Assume the existing rental rate for the leased premises is $5.00 per square foot on the date a lease comes up for renewal and the existing rental rate for comparable locations and premises then is $6.00 per square foot. If a very active real estate market exists on the renewal date, or equivalent rental space is in short supply, the subject leased premises would command a rental rate much higher than $6.00 per square foot. Conversely, if the real estate market is materially depressed on the renewal date the market rent for the premise may be much less than $5.00 per square foot.

The approach prescribed by the Lease would produce a renewal rental rate in the neighbourhood of $6.00 per square foot in either scenario.

28      The self-evident purpose of the criteria employed by the Lease is to cushion the parties from the vagaries of rapidly fluctuating real estate markets. I am satisfied that the board understood and properly interpreted the subject provision and therefore dismissed the landlord’s appeal to the extent it is based on the second issue.

Closing

The conclusion of the court in Span West that the right of appeal had been abrogated by the terms of the lease has had a subsequent mixed reaction with at least one court refusing to adopt the reasoning of the Saskatchewan Queen’s Bench.[iii]
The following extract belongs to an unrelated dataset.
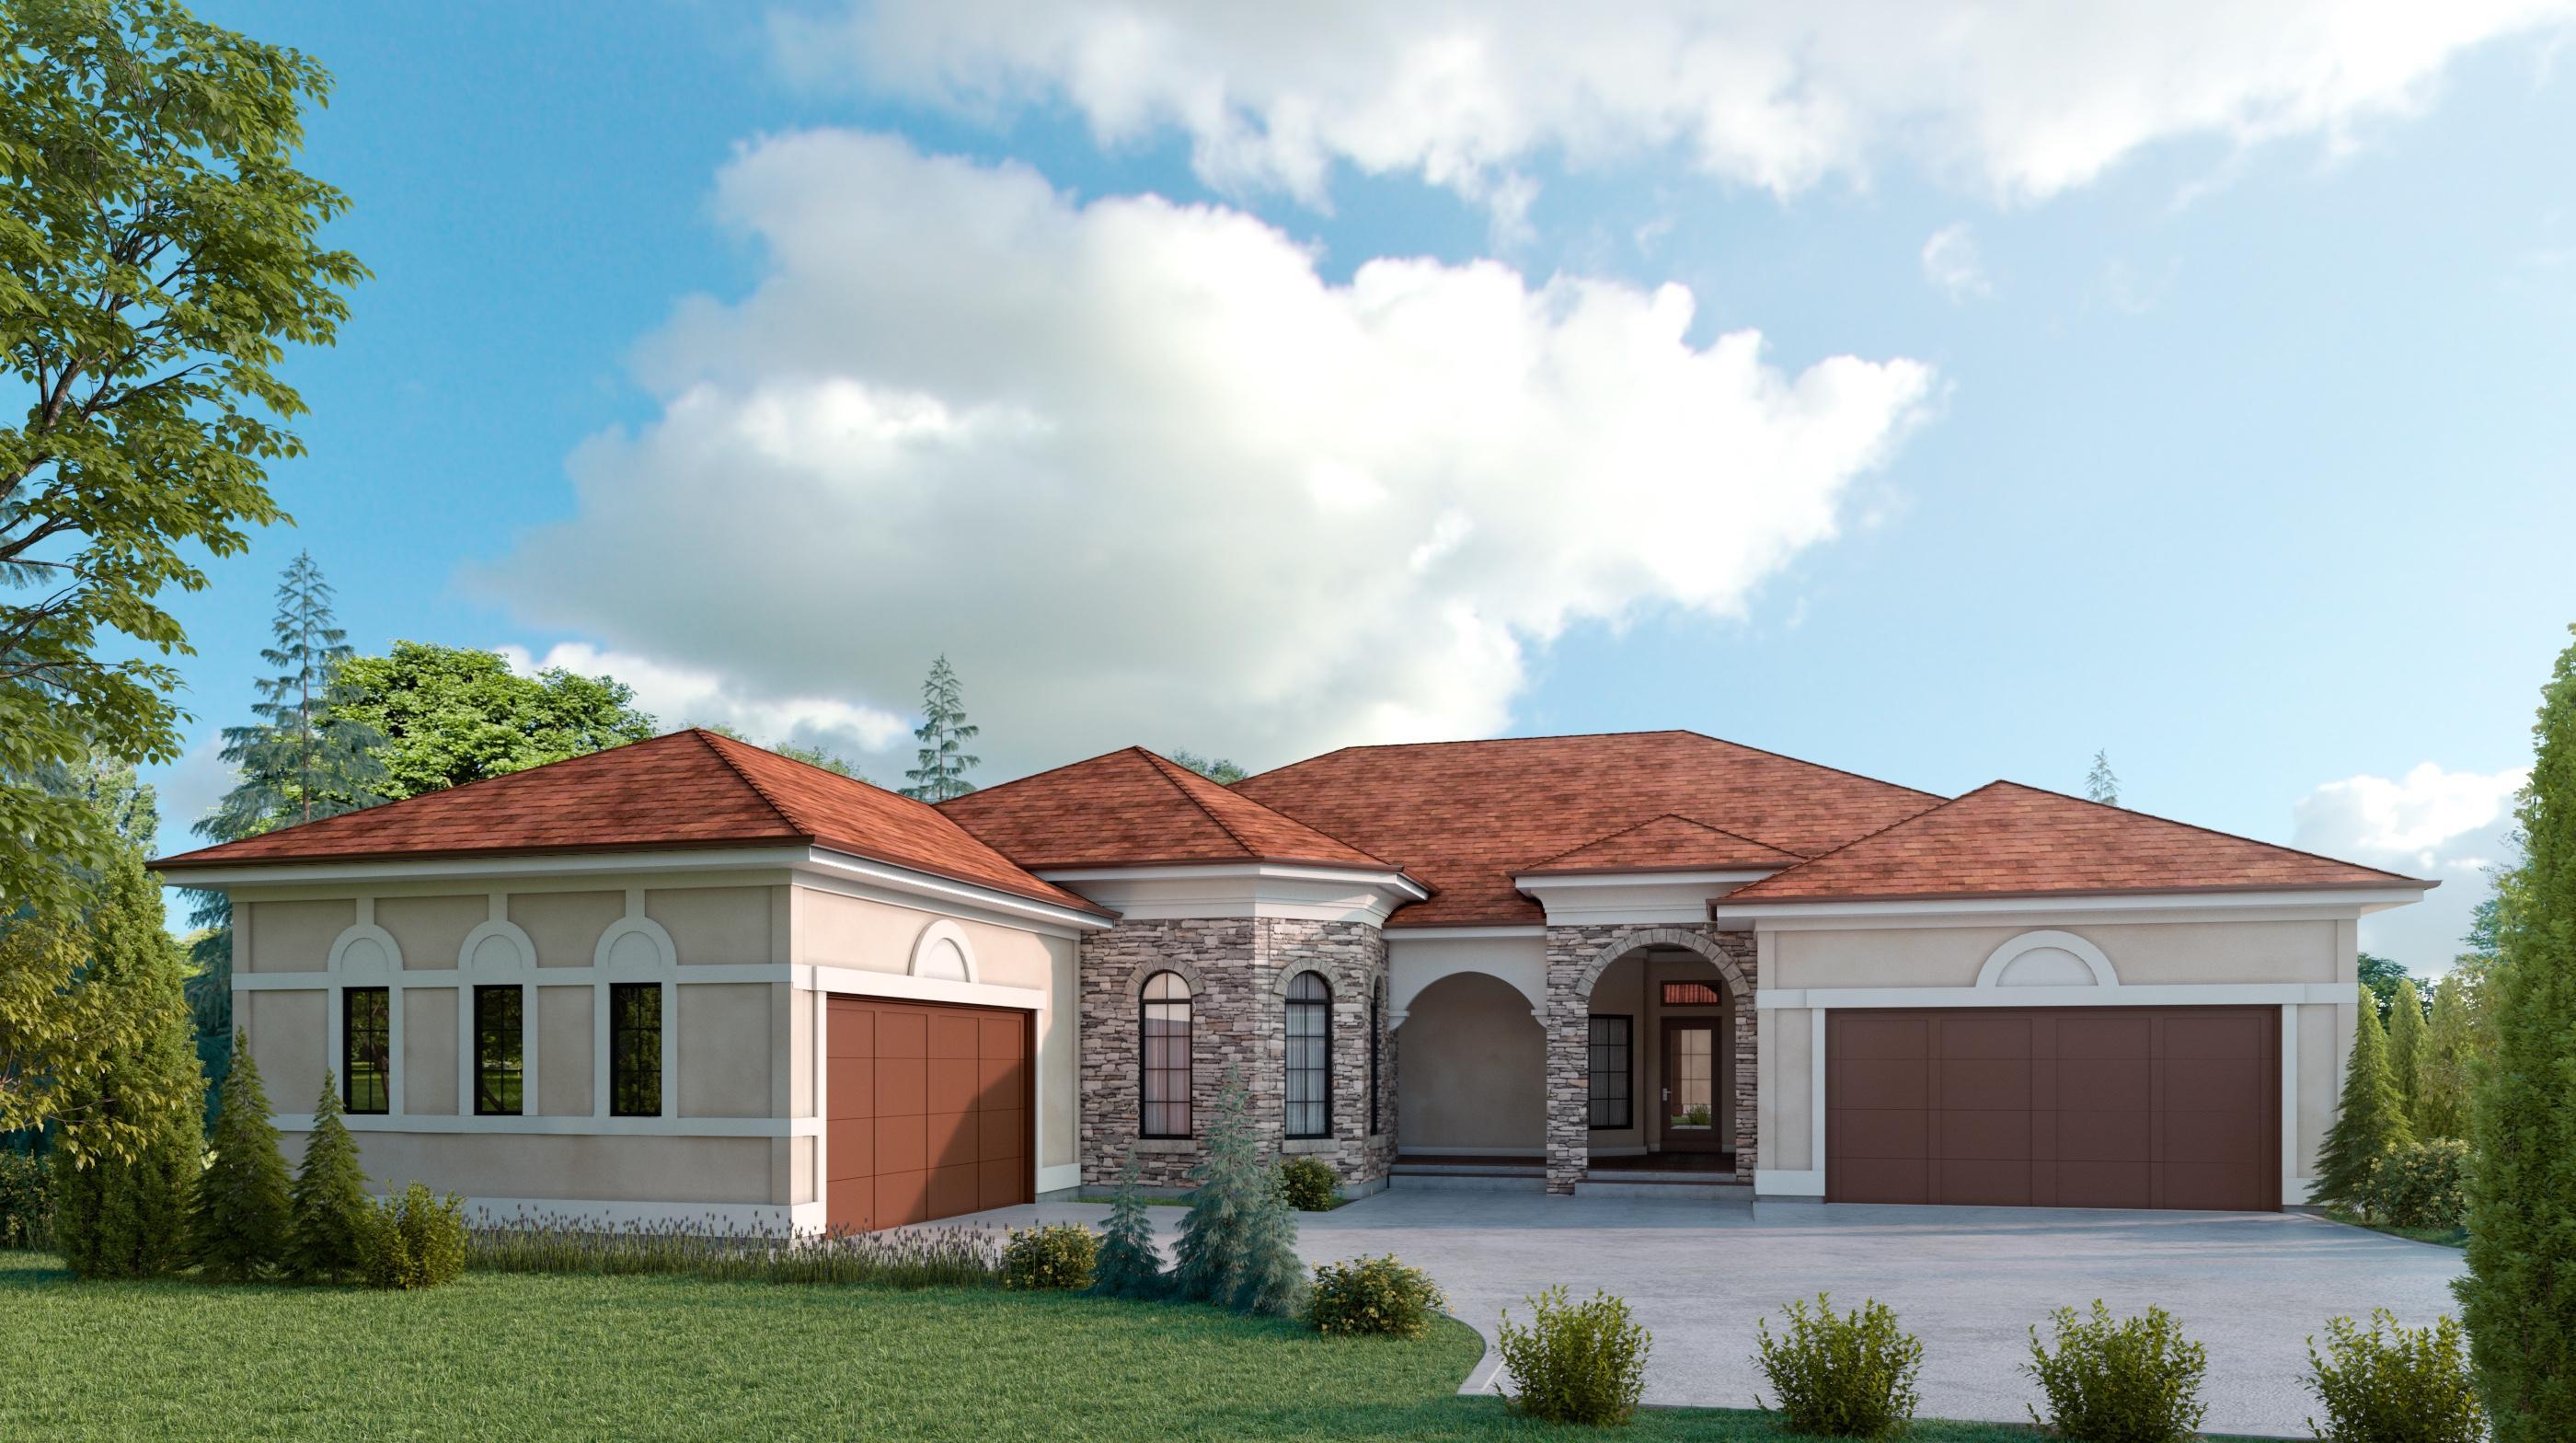 1635 Toscano Ter, Oconomowoc, Wisconsin 53066, 2 Bedrooms Bedrooms, ,2 BathroomsBathrooms,Condominiums,For Sale,Toscano Ter,1,1706955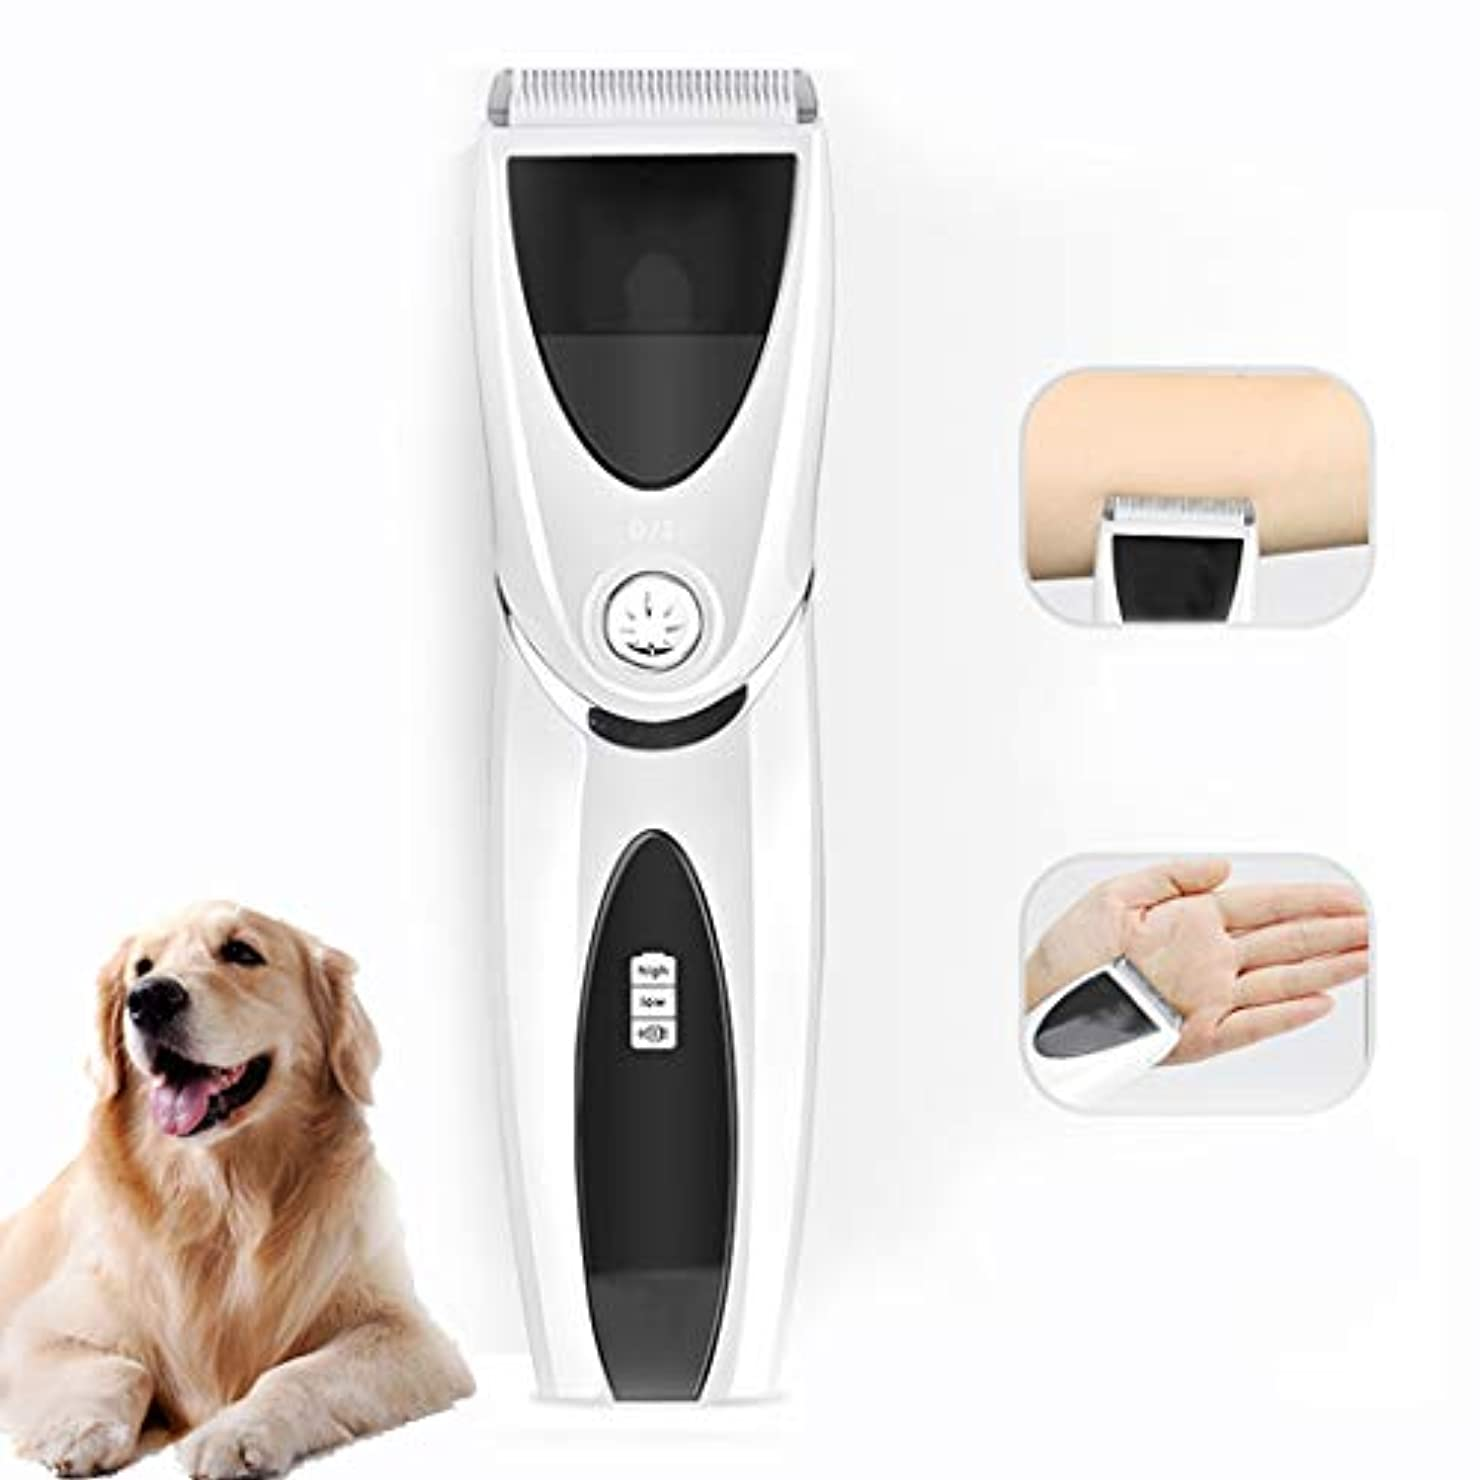 楽なトリム掃く犬用バリカン、低雑音犬グルーミングクリッパー充電式コードレスペット毛トリマー、犬猫ペット用最高のバリカン

There appears to have been no judicial consideration of the conclusion in West Span regarding the prospective nature of “market rent” and the implications of “current” and “prevailing” as the basis for determining rent for a renewal period. It is impossible to say the extent to which the case has influenced arbitration awards in rent review proceedings. However, the case does offer the possibility that an arbitration panel could agree that use of words like “current” and “prevailing” convey an intention to set rents based on what is existing at the time of the review rather than what would be negotiated as at the renewal date.

End notes

[1] Rent Review:  Does the Existing Lease Matter? (Canadian Property Valuation, 2018 – Volume 62 – Book 3); Rent Review Clauses: Market-Based or Not? (Canadian Property Valuation, 2017 – Volume 61 – Book 4)

ii 2003 SKQB 306,

iii Fern Trust (Trustee of) v. Trevail Mining (New Brunswick) Ltd., 2019 ONSC 4225 (Ont. S.C.J.) at para. 19-21

This article is provided for the purposes of generating discussion and to make practitioners aware of certain challenges presented in the law.  It is not to be taken as legal advice.  Any questions relating to the matters discussed herein should be put to qualified legal and appraisal practitioners.